3. You may make modifications to the Software and distribute your modifications, in a form that is separate from the Software, such as patches. The following restrictions apply to modifications:

a. Modifications must not alter or remove any copyright notices in the Software.

b. When modifications to the Software are released under this license, a non-exclusive royalty-free right is granted to the initial developer of the Software to distribute your modification in future versions of the Software provided such versions remain available under these terms in addition to any other license(s) of the initial developer.

4. You may distribute machine-executable forms of the Software or machine-executable forms of modified versions of the Software, provided that you meet these restrictions:

a. You must include this license document in the distribution.

b. You must ensure that all recipients of the machine-executable forms are also able to receive the complete machine-readable source code to the distributed Software, including all modifications, without any charge beyond the costs of data transfer, and place prominent notices in the distribution explaining this.

c. You must ensure that all modifications included in the machine-executable forms are available under the terms of this license.

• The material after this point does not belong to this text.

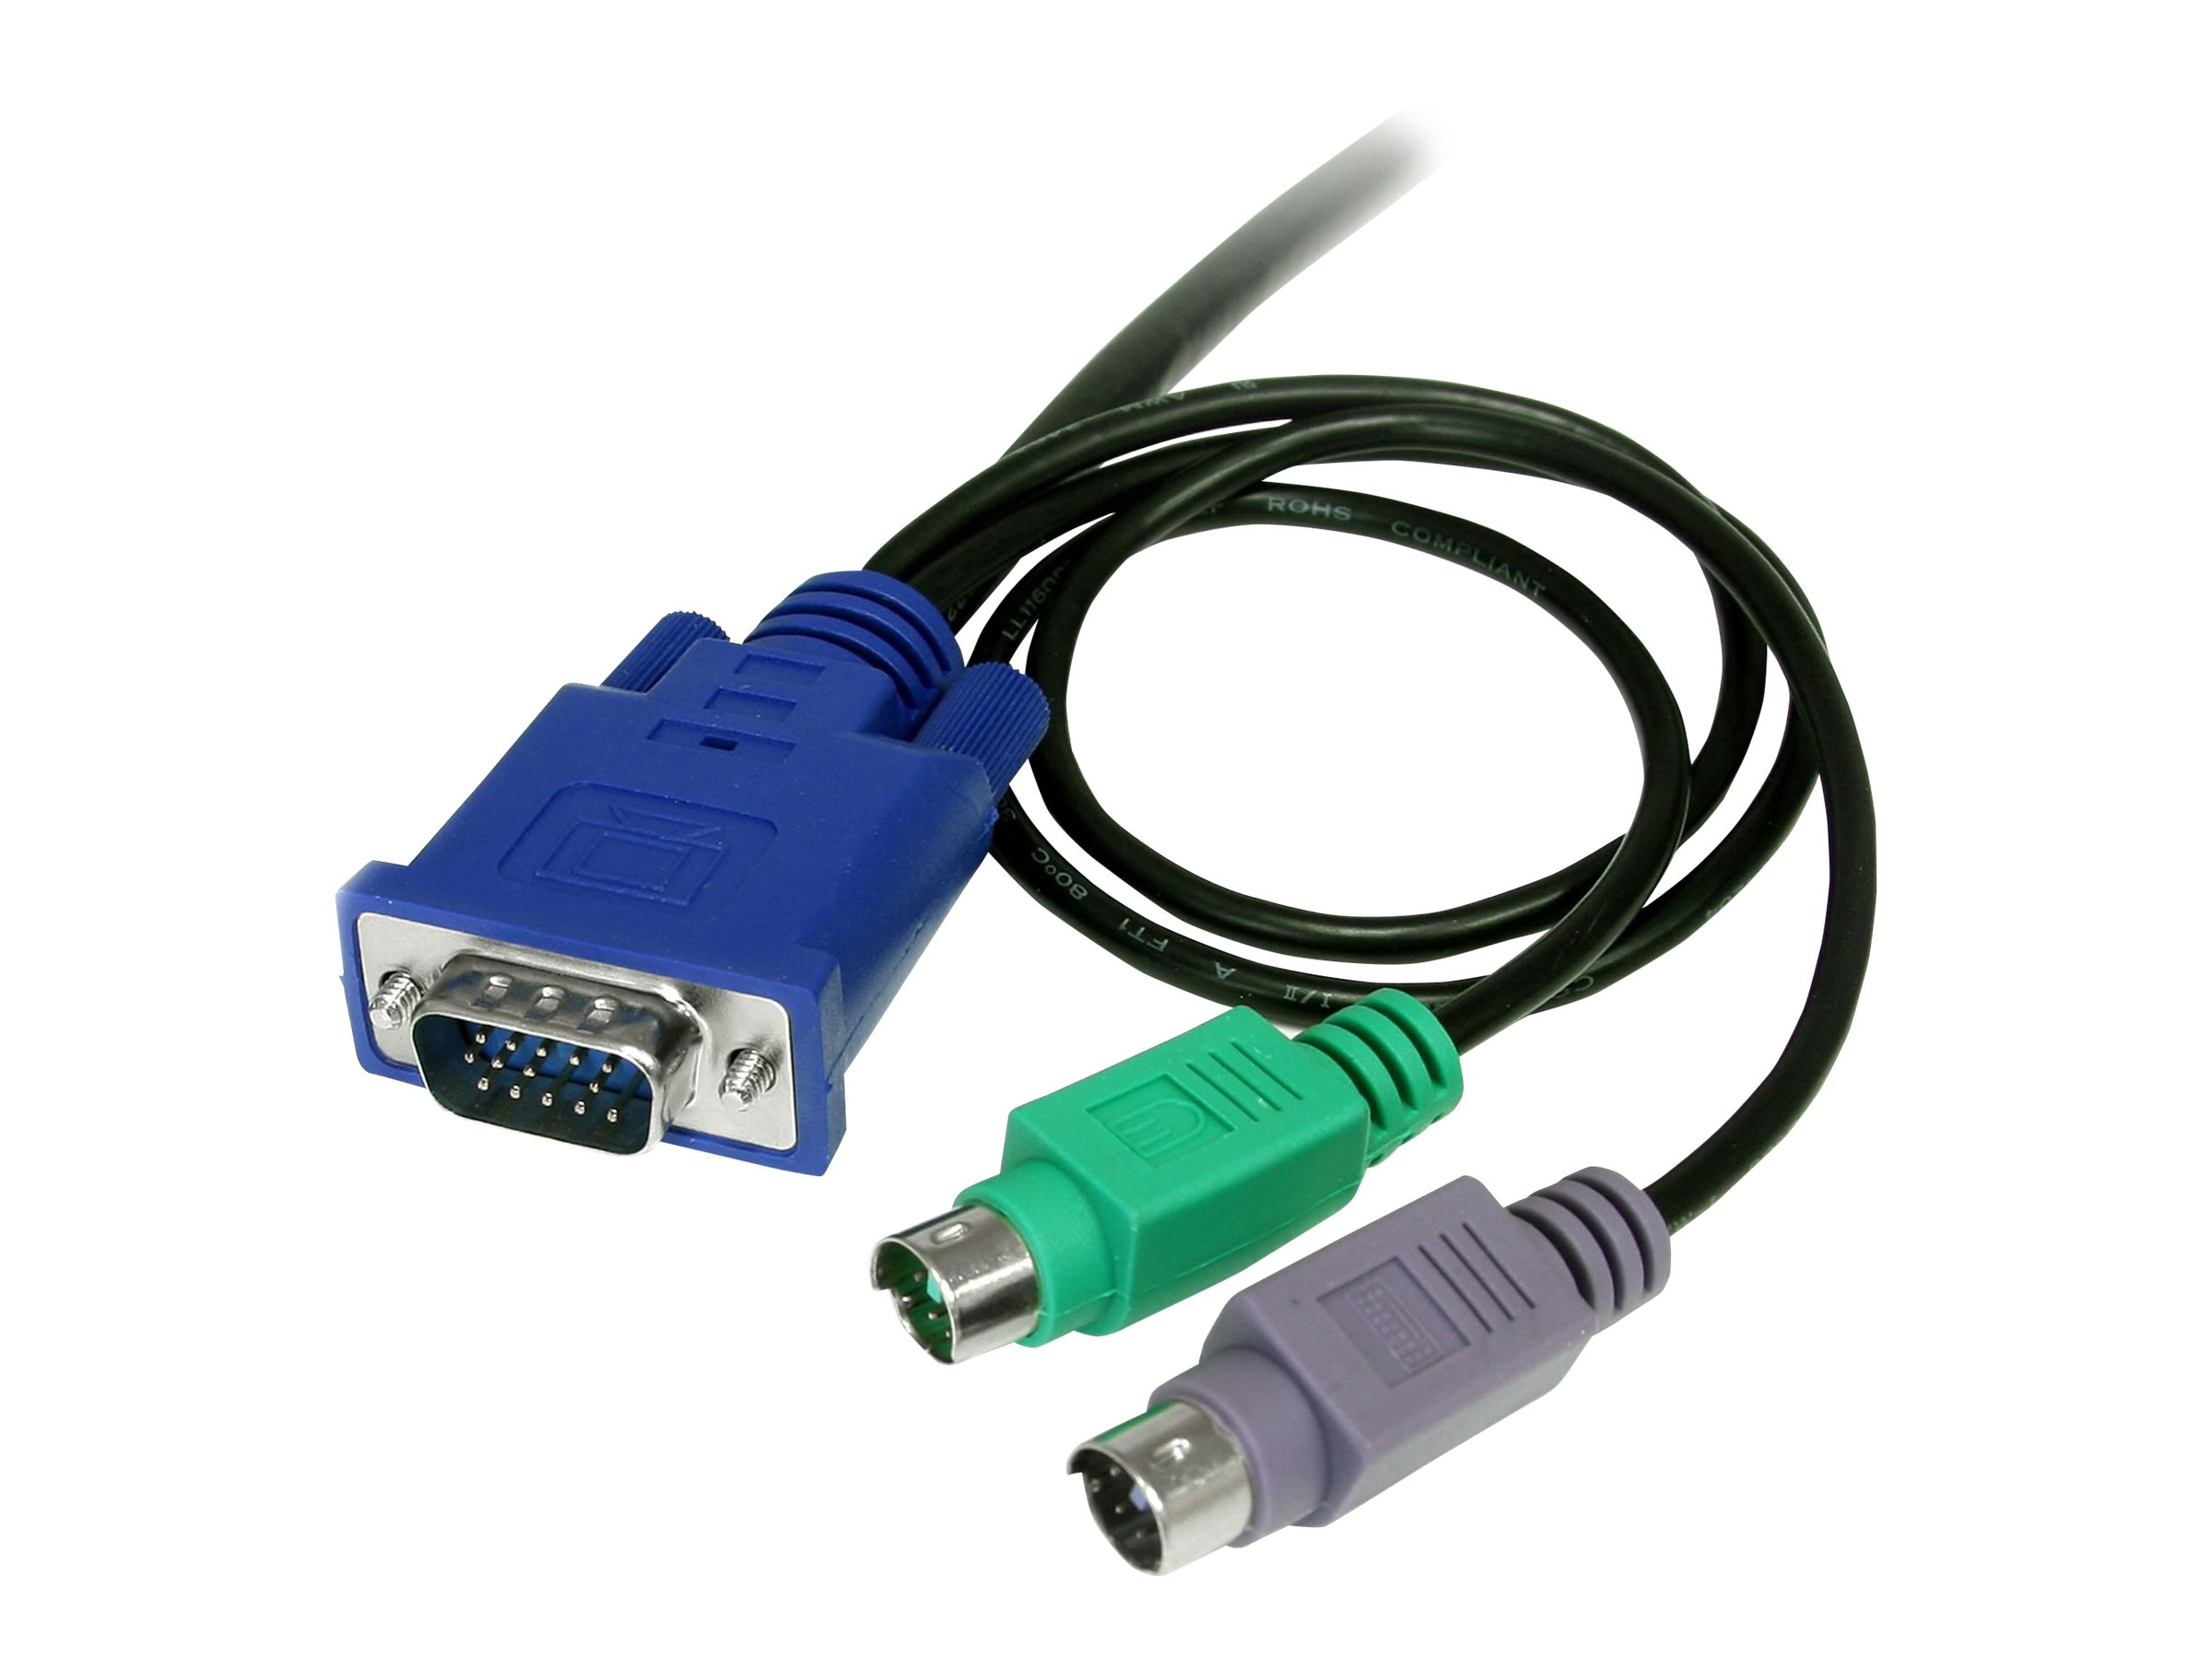 StarTech.com 1,8m 3-in-1 PS/2 VGA KVM Kabel - Kabelsatz für KVM Switch / Umschalter - Tastatur- / Video- / Maus- (KVM-)

5. You may use the original or modified versions of the Software to compile, link and run application programs legally developed by you or by others.

6. You may develop application programs, reusable components and other software items that link with the original or modified versions of the Software. These items, when distributed, are subject to the following requirements:

a. You must ensure that all recipients of machine-executable forms of these items are also able to receive and use the complete machine-readable source code to the items without any charge beyond the costs of data transfer.

b. You must explicitly license all recipients of your items to use and re-distribute original and modified versions of the items in both machine-executable and source code forms. The recipients must be able to do so without any charges whatsoever, and they must be able to re-distribute to anyone they choose.

c. If the items are not available to the general public, and the initial developer of the Software requests a copy of the items, then you must supply one.

Limitations of Liability

In no event shall the initial developers or copyright holders be liable for any damages whatsoever, including - but not restricted to - lost revenue or profits or other direct, indirect, special, incidental or consequential damages, even if they have been advised of the possibility of such damages, except to the extent invariable law, if any, provides otherwise.

No Warranty

The Software and this license document are provided AS IS with NO WARRANTY OF ANY KIND, INCLUDING THE WARRANTY OF DESIGN, MERCHANTABILITY AND FITNESS FOR A PARTICULAR PURPOSE.

Choice of Law

This license is governed by the Laws of Norway. Disputes shall be settled by Oslo City Court.